Boots and Her Buddies started off as a romance comic strip, but it soon became a situation comedy about the everyday lives of ordinary people. The narrative developed over a long period of time – decades, in fact – allowing for detailed plotlines and a full cast of characters. In the 1950s, these plots were developed by Thomas Harris, a University of Missouri faculty member.
The comic strip Alley Oop is a long-running chronicle of the adventures of a time-traveling cave man and his Stone Age friends. The time-travel plot device allowed for intricate storylines and multiple characters based on historic personages. At the height of Alley Oop’s popularity, the strip appeared in both daily and weekly versions. Fans often clipped each weekly and daily strip from the newspaper and pasted them into scrapbooks to create their own Alley Oop comic books. Started in 1932 by former University of Missouri student V. T. Hamlin, the strip is still in syndication today.
The first comic book was primarily designed for its marketing power. Noticing how comics could drive up newspaper sales, printing executives decided to try selling just the comics by themselves, with advertisements. The first issue of Famous Funnies was released in 1933 and was distributed to newsstands, where it sold for ten cents. The experiment was a resounding success, and the serialized comic book was born.
Unlike later comic books, Famous Funnies does not feature a single storyline. Instead, it is a reprint of various popular newspaper comic strips, including Mutt and Jeff, Joe Palooka, Keeping up with the Joneses, and others. Readers could buy the compilation to keep up with the latest episodes of their favorite strip, or read them all.
Jerry Siegel and Joe Schuster developed the character Superman as high school students in Cleveland, Ohio. Siegel wrote the storylines and devised the characters, while Schuster drew and designed the artwork. Before the publication of their first Superman story, the two began working in comics by supplying material for New Fun, one of the first comic books that printed original work instead of newspaper reprints.

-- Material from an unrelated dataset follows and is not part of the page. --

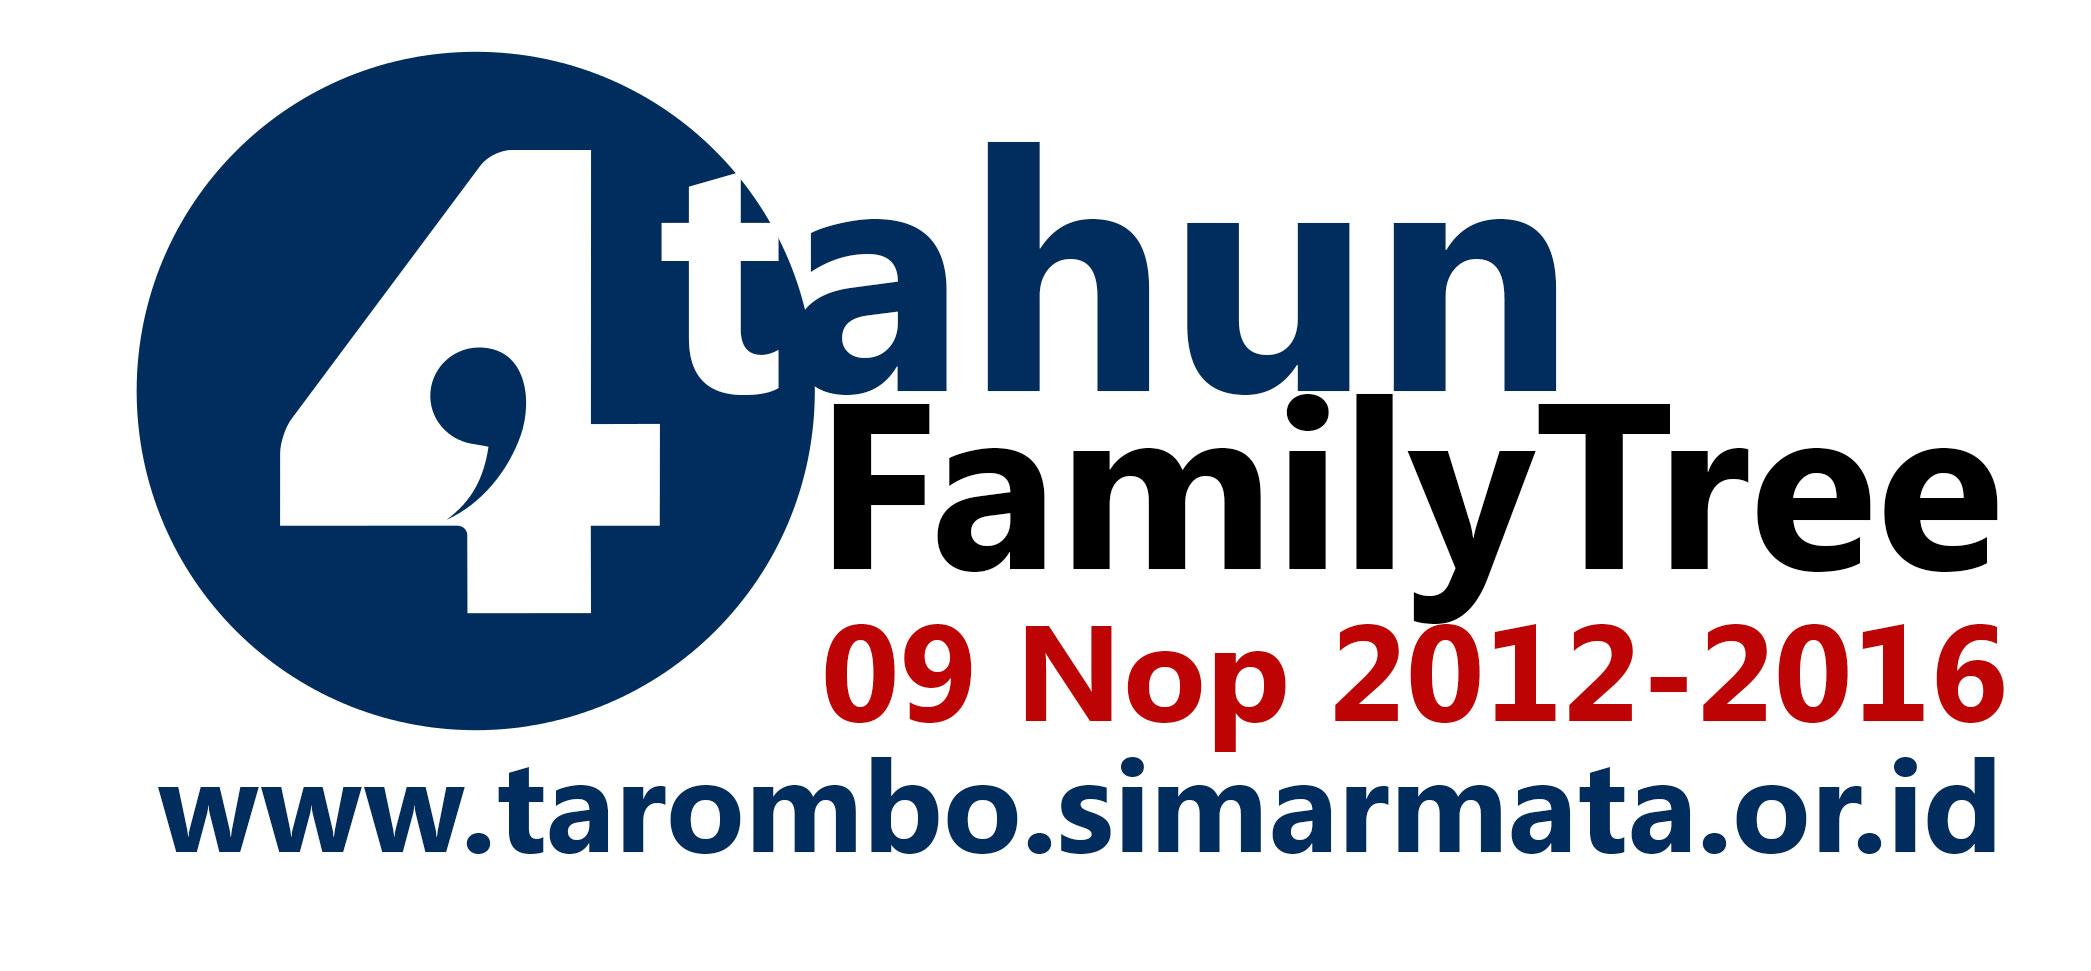 Janner Simarmata: Penyempurnaan Tarombo, Lam Tu Ture na, Lam Tu Maju na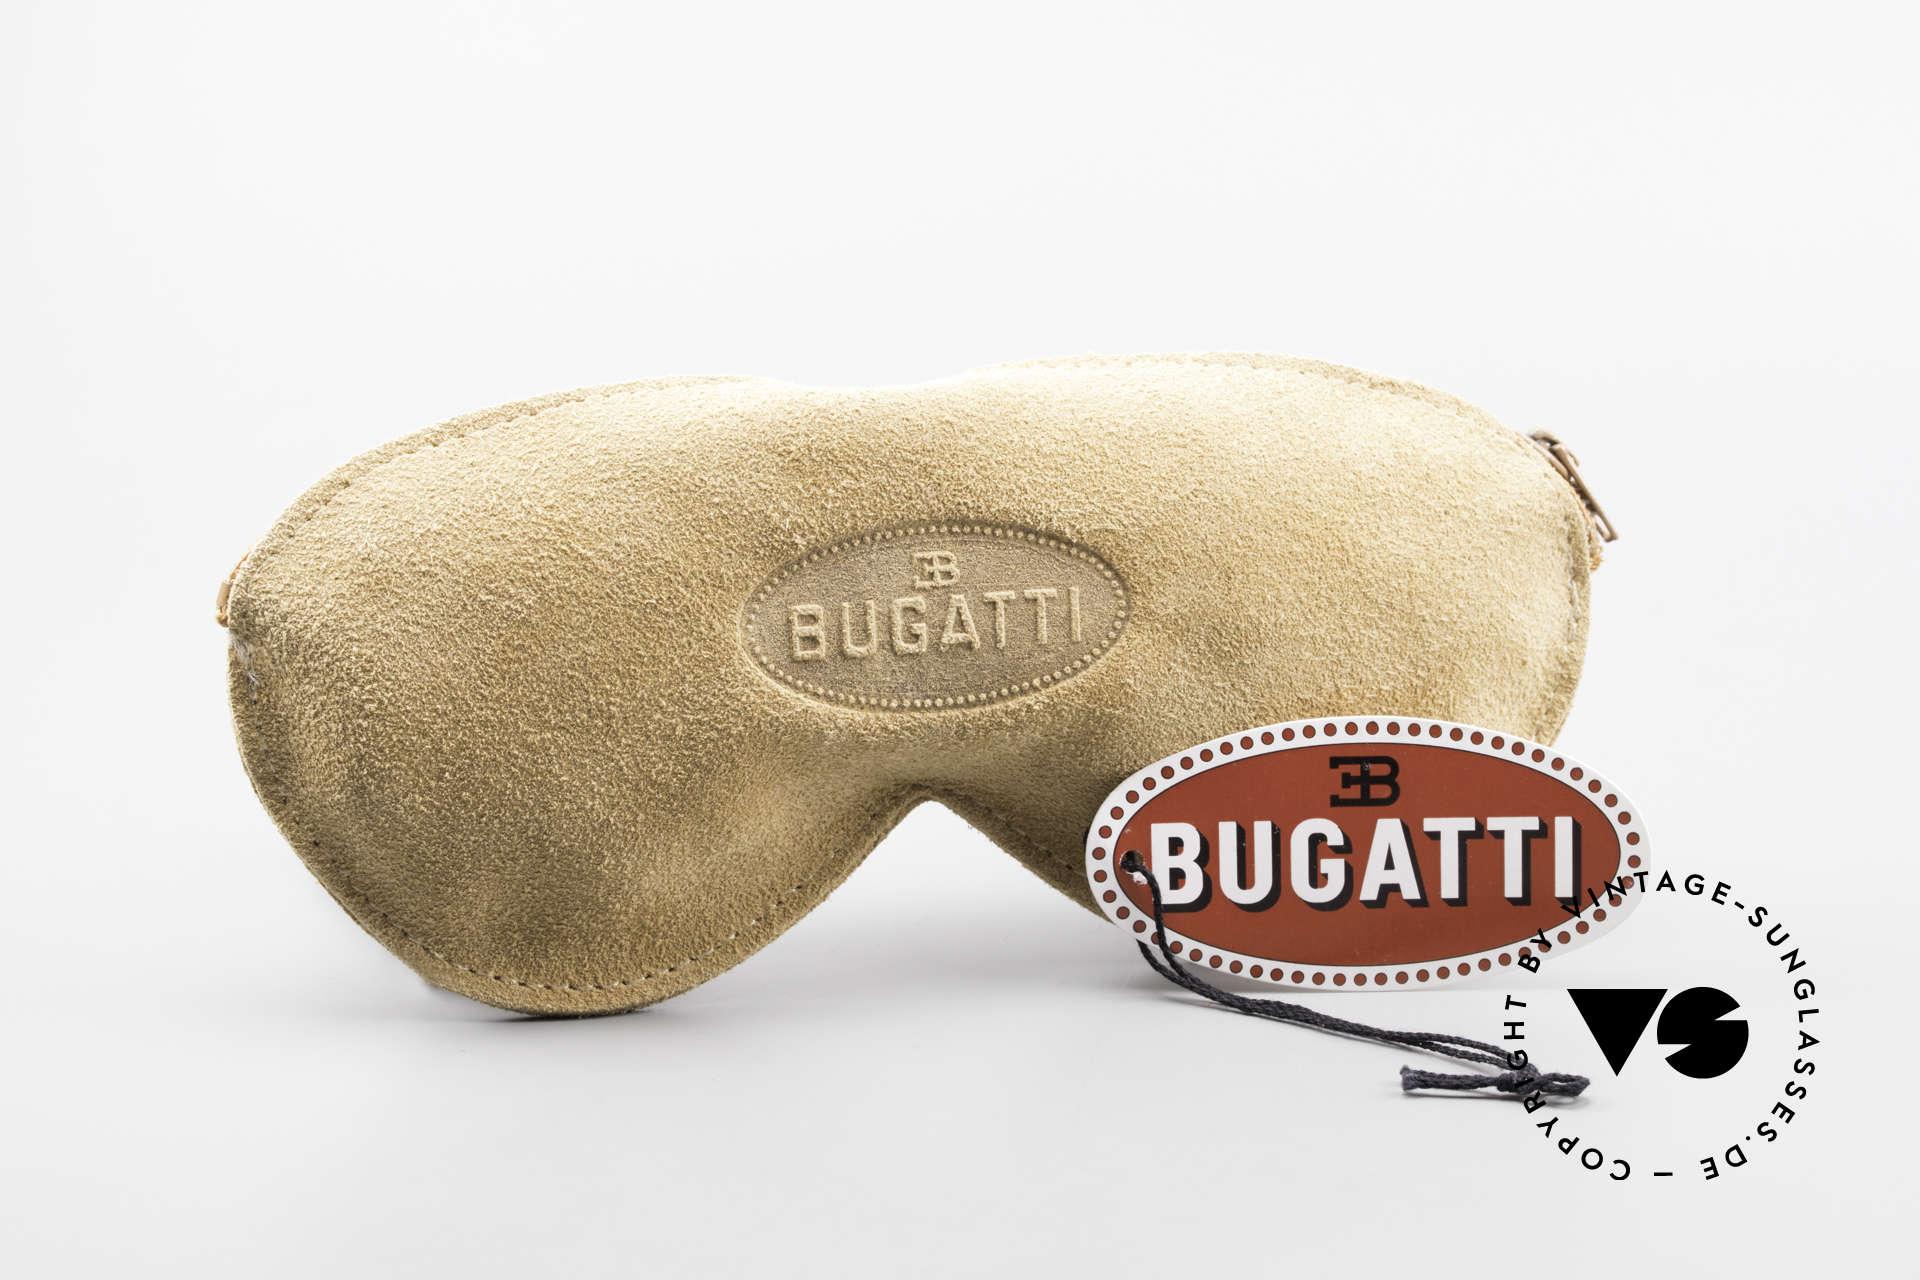 Bugatti 02927 Sunset Sun Lenses 80's Rarity, Size: large, Made for Men

After repeated attempts at publication, Siegel and Schuster eventually saw their story published in Action Comics. As part of the deal, they sold the rights to the character to the publisher, which later became DC Comics, in exchange for $130 and a ten-year contract to produce the comic strip. Although Siegel was able to find work as a comics writer after the contract term expired, Schuster was not successful as an artist. Both spent much of their later years embroiled in lawsuits against DC Comics over unfair compensation.
Superman was so popular after his debut in Action Comics that an entire comic book was soon devoted to his adventures. This was unprecedented at the time, and it touched off the Golden Age of superhero comics.
After a stint as a journalism student at the University of Missouri, Mort Walker created a comic strip about a college student at fictional Rockview University, with a supporting cast modeled on his fraternity brothers. After a year, Beetle Bailey dropped out of college and joined the military, and one of America’s longest-running and most beloved characters was born. Like Boots and Her Buddies, Beetle Bailey is primarily driven by the foibles and adventures of a large cast of recurring characters, including the perennially lazy Private Beetle Bailey, short-tempered Sarge, grumpy General Halftrack, and seductive Miss Buxley.
Beetle Bailey is an example of a comic strip that had a life beyond the funny papers; the artwork shown here was made for the cover of a serialized comic book devoted to Beetle.